DUBAI: Supplies of gas from Turkmenistan to Iran have been halted due to a dispute over purchasing terms, Iranian Oil Minister Rostam Qasemi said yesterday, while a Turkmen government official denied flows had been stopped.

Iran, which supplies gas to Turkey, relies on gas from Turkmenistan to supply the cold north eastern region winter. Qasemi called on oil products distribution companies in the region to help ensure alternative fuel supplies over winter.

“Negotiations between the two countries are ongoing and it is foreseen that with a final agreement, natural gas imports from this neighbouring country will resume,” Qasemi was quoted by the semi-official Mehr news agency as saying.  A Turkmen government official told Reuters in the Turkmen capital Ashgabat that flows of gas to the Islamic Republic continued yesterday.

“Natural gas supplies continued this morning according to schedule. The issue of price has never been a problem with Iran,” the source said. “For some time there have been repair works on a pipeline stretch between Turkmenistan’s Artyk and Iran’s Lutfabad, but now gas flows even via this part of the pipeline route.”    

Qasemi did not say when flows of gas from Turkmenistan had stopped, but said he hoped Turkmenistan would resume gas exports under the terms of existing contracts and new agreements, Iranian oil ministry news website Shana reported.

As Iran exports natural gas to Turkey and Armenia, a lengthy stoppage of Turkmen gas flows into the country could prompt Iran to stop supplies to its neighbours.

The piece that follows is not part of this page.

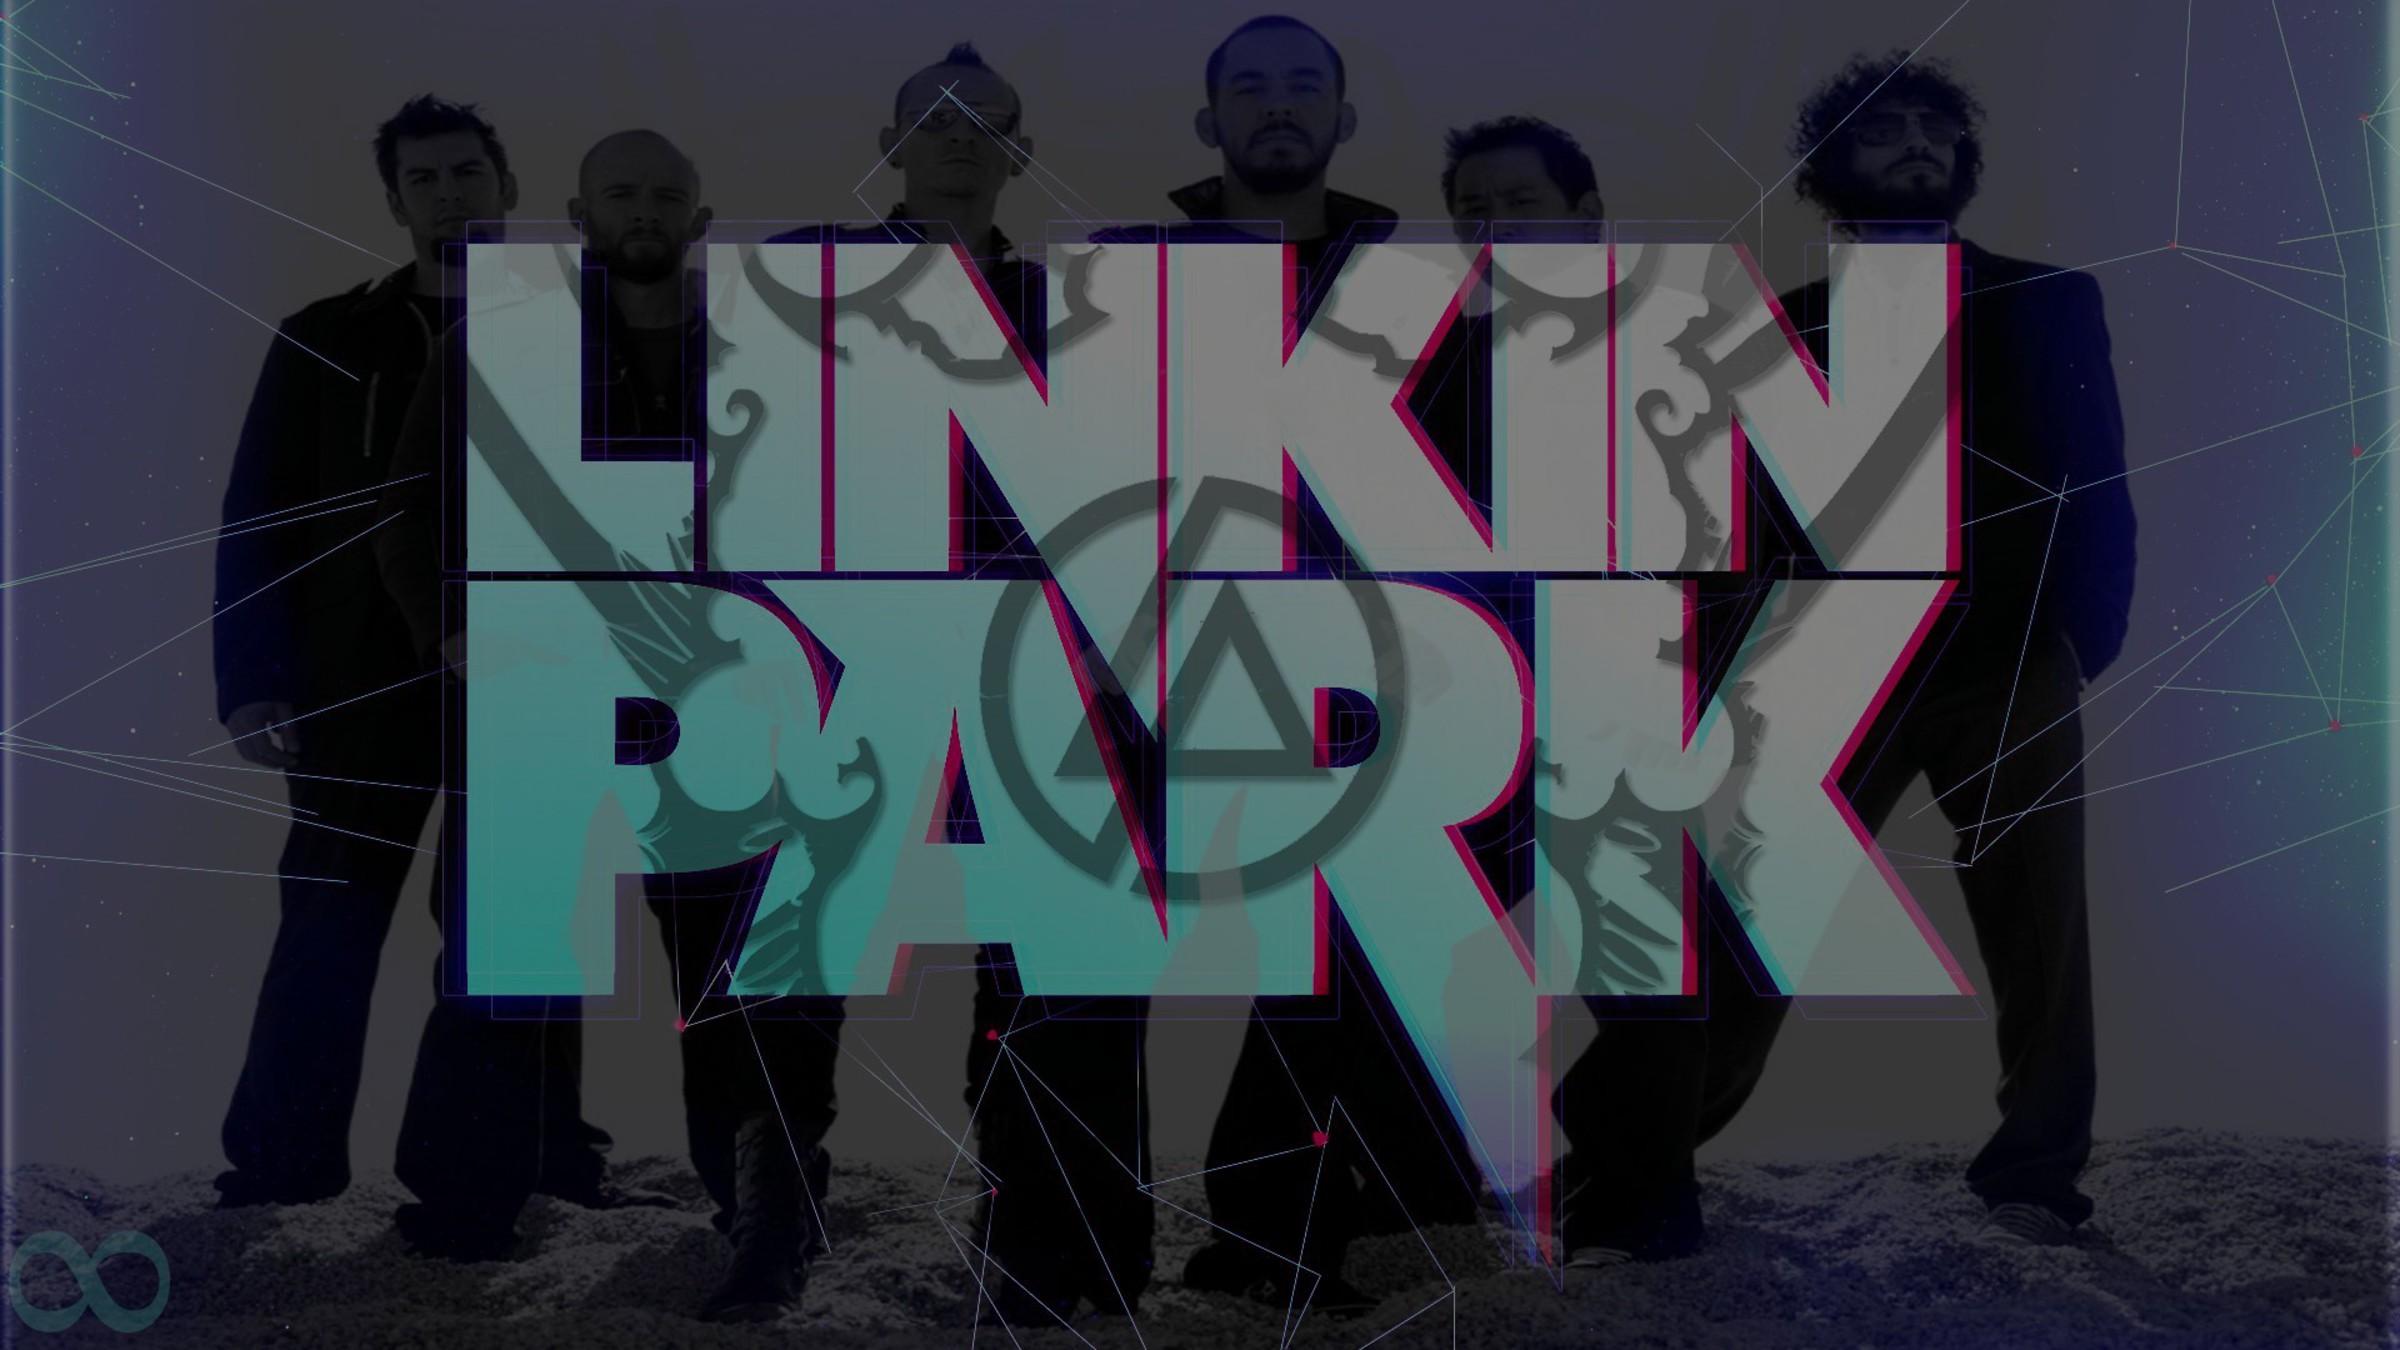 park-mike-shinoda-rock-music-rob-bourdon-2400x1350-wallpaper

Iran buys almost a third of Turkmenistan’s exported gas which it relies heavily on for heating in winter and needs year round to meet industrial demand in parts of the country that are far from and poorly connected to its own fields clustered around the Gulf. 

Iranian imports of Turkmen gas averaged just over 1 billion cubic feet a day from July 2011 to June 2012, according to the U.S. Energy Information Agency, but imports are much higher in winter and lower in summer.